Our workflow has several limitations. The NER model extracts entities as they appear in text and is not integrated with a linking process to standard ontology. Therefore, linking terms to an ontology is considered a downstream task. However, building a database of diagnostic entities as they appear in the clinical records can inform further development of linking strategies or vocabulary databases. Our model was trained and evaluated using clinical records from a single institution. The model’s performance, if evaluated using external notes, is likely to be lower. However, rapid dataset annotation using low-code NLP tools means any institution can create custom NER models. Furthermore, annotations were performed by a single annotator. Thus, the registry represents the annotating characteristics of a single annotator. Multiple annotators may reduce this bias; however, annotators should be trained to follow annotation guidelines to ensure adequate inter-annotator agreement [57]. Lastly, all annotations were performed in English. Replication of the study findings with non-English free text would be beneficial.

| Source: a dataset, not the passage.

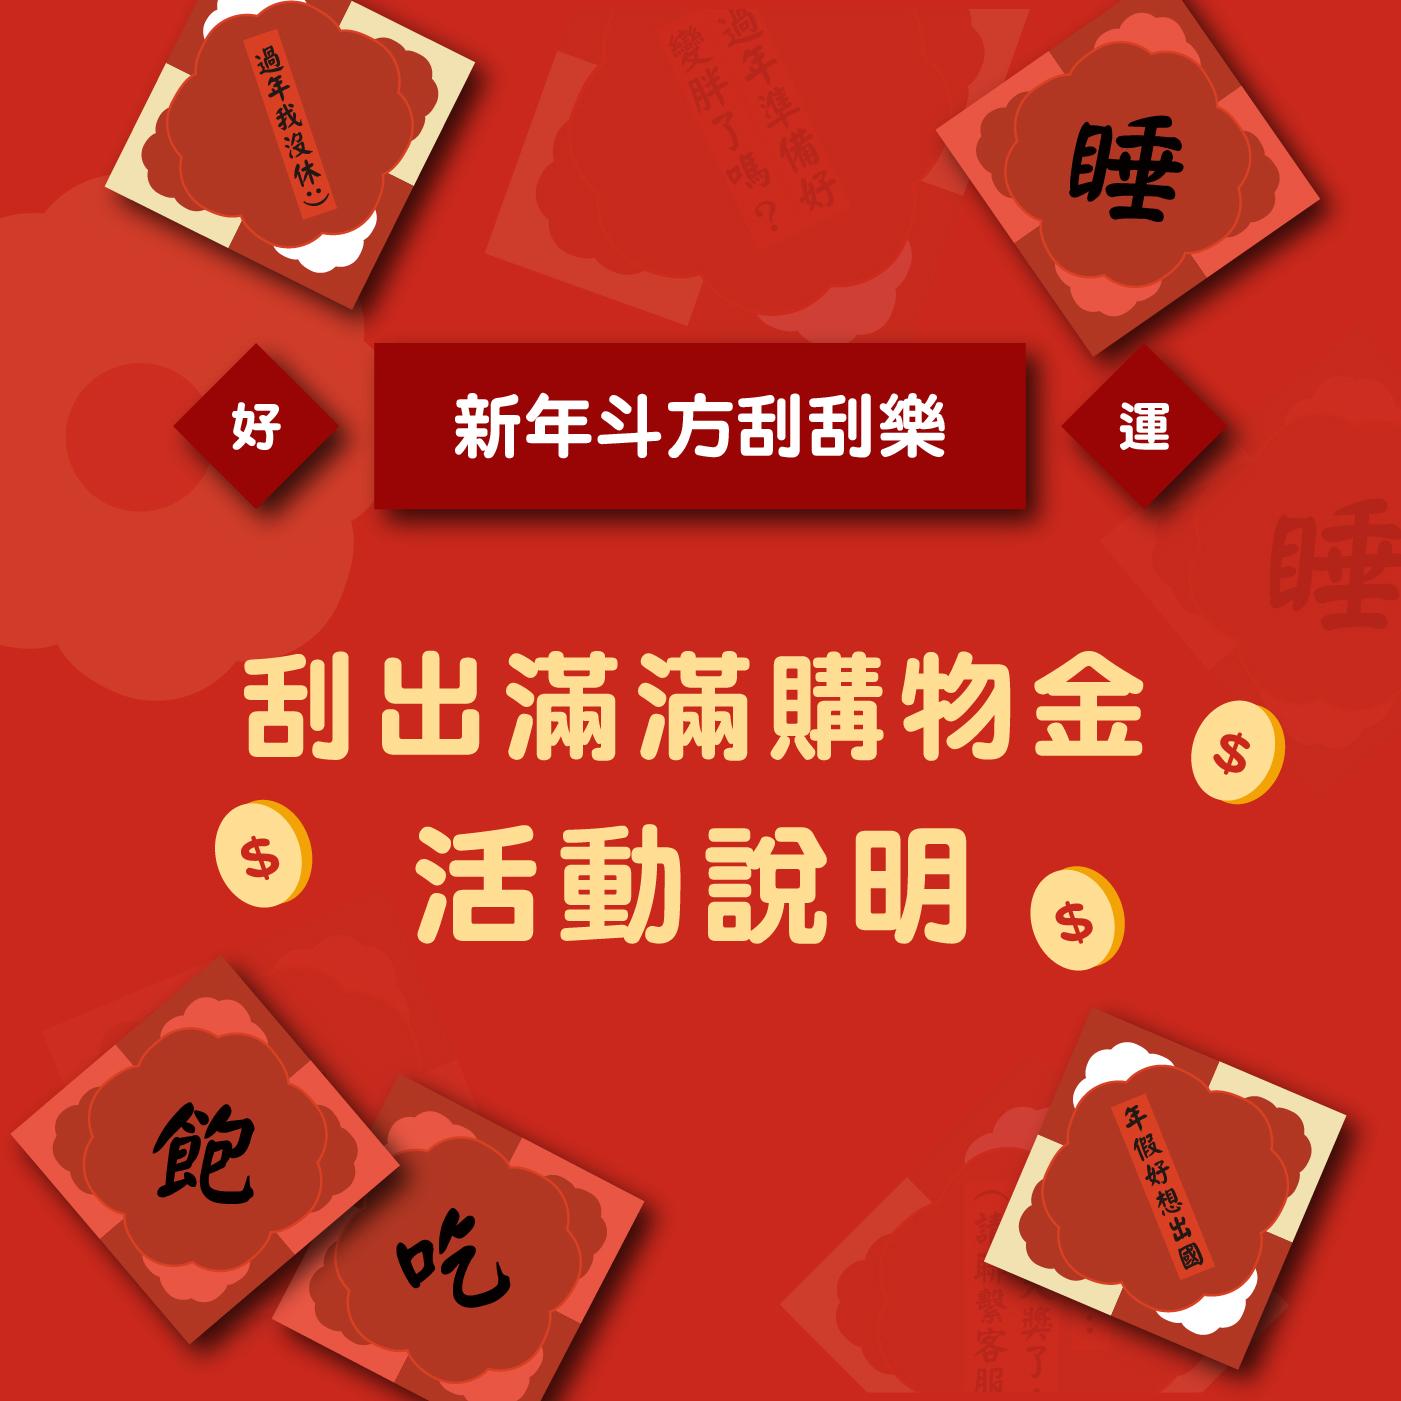 TAIWANESE NEW YEAR 新年快樂斗方刮刮樂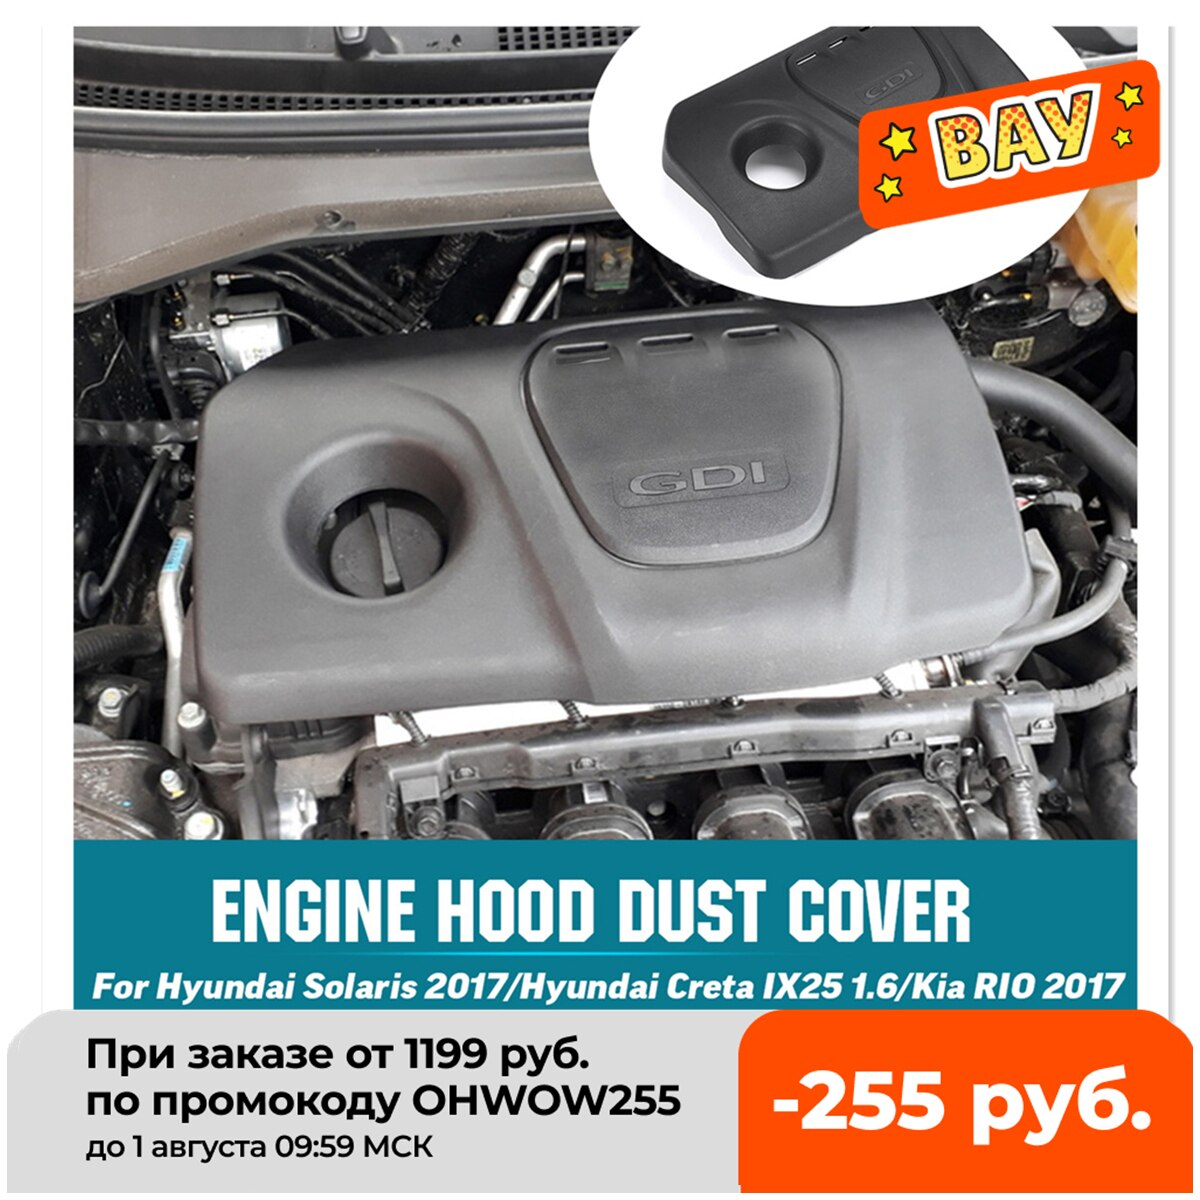 غطاء غبار المحرك الأمامي ، غطاء المحرك 292402B930 ، لشركة Hyundai Solaris Creta IX25 1.6 1.6L ، Kia RIO 2017 ، Sonata Tucson

We demonstrated a workflow using low-code NLP tools to produce an ophthalmic disease registry, with an accompanying ready-to-use tool to reproduce the registry in any institution. Our NER model displayed a moderate overall ability to extract ophthalmic diagnoses from free-text electronic clinical records. There is a further need for standard ophthalmic datasets for the evaluation of NER models and ready-to-use tools to encourage increased use of artificial intelligence for clinical NER tasks.